We are including in this Amendment No. 2 currently-dated certifications by our principal executive officer and our principal financial officer. Other than as expressly set forth above, this Amendment No. 2 does not, and does not purport to, amend, update or restate the information in any other item of the 2011 Form 20-F, or reflect any events that have occurred after the 2011 Form 20-F was originally filed. The Company’s 2011 Form 20-F, as amended by this Amendment No. 2, continues to speak as of the initial filing date of the 2011 Form 20-F.
ITEM 3. KEY INFORMATION
A. Risk Factors
We and our subsidiaries have been in breach of certain financial covenants under certain loan agreements, which, if not managed carefully, may trigger events of default and accelerated payment and adversely affect our business, financial condition and results of operations.
In August 2011, one of our subsidiaries entered into a syndicated bank credit facility agreement with two major lead commercial banks and six other participating commercial banks that provided us with a syndicated bank credit facility of up to RMB3.5 billion ($556.1 million), with an initial commitment of RMB2.86 billion ($453.9 million) for a term up to three years from the first drawdown date. This agreement contains financial covenants applicable to one of our major subsidiaries, including maintenance of debt to asset ratio not exceeding 72% in 2011, 71% in 2012 and 67% in 2013, minimum sales of RMB4 billion in 2011, RMB4.5 billion in 2012 and RMB5.5 billion in 2013, minimum net income of RMB80 million in 2011, RMB150 million in 2012 and RMB350 million in 2013, minimum current ratios of 170% in 2011, 180% in 2012 and 180% in 2013, and minimum quick ratios of 120% in 2011, 130% in 2012 and 130% in 2013. Additionally, we must also meet certain ratios and thresholds at the end of a one-year special observation period from July 1, 2011 to June 30, 2012. These ratios and thresholds also include maximum debt to asset ratio of 70%, minimum sales of RMB4.2 billion, minimum net income of RMB100 million, minimum current ratio of 170% and minimum quick ratio of 120%.

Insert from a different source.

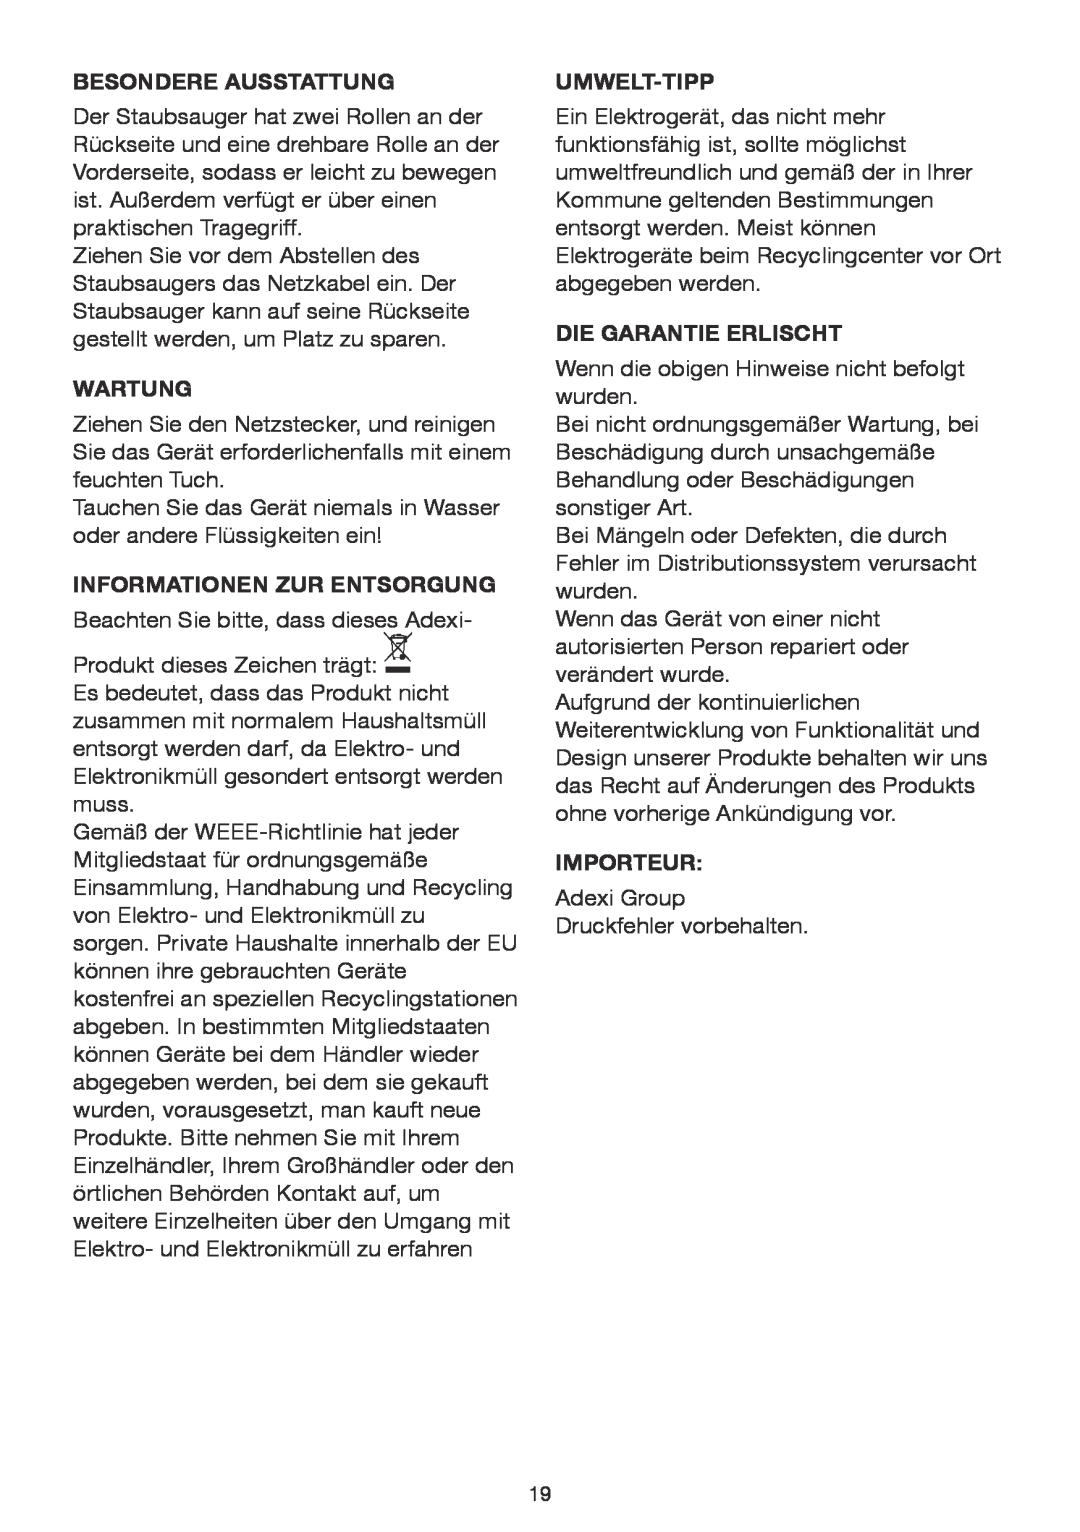 Melissa 640-074 manual Besondere Ausstattung, Wartung, Informationen Zur Entsorgung, Umwelt-Tipp, Die Garantie Erlischt

The subsidiary did not meet certain financial covenants under the syndicated loan facility agreement for the year ended December 31, 2011 and during the special observation period from July 1, 2011 to June 30, 2012. We also believe that the subsidiary will be unlikely to meet certain financial covenants at the end of 2012. In December 2012, the bank syndicate waived the past breaches of financial covenants during the observation period and agreed to continue to fulfill the terms of the syndicated loan facility. The bank syndicate may not waive any future breaches or noncompliance. Additionally, two of our other subsidiaries are also in breach of their financial covenants under project loans. Our lenders have not accelerated the repayment of these borrowings under the aforementioned credit facilities. Due to our breaches, we have classified our long-term loans under the syndicate loan facility and project loans from such banks into short-term loans due within one year. However, if we are unable to reach an agreement with these lenders, they may accelerate repayment of these loans and we may not be able to repay the loans, which would have a material and adverse effect on our financial condition, results of operations and business prospects. See the risk factor entitled “—Our financial statements indicate that there is a going concern uncertainty, which could adversely affect our ability to meet our ongoing financing needs as well as to obtain third party financing.” Furthermore, accelerated payments and/or defaults under our existing facility agreements may result in cross-defaults or cross-accelerations under our other loans with banks in China, which would have a material adverse effect on our business, financial condition and results of operations.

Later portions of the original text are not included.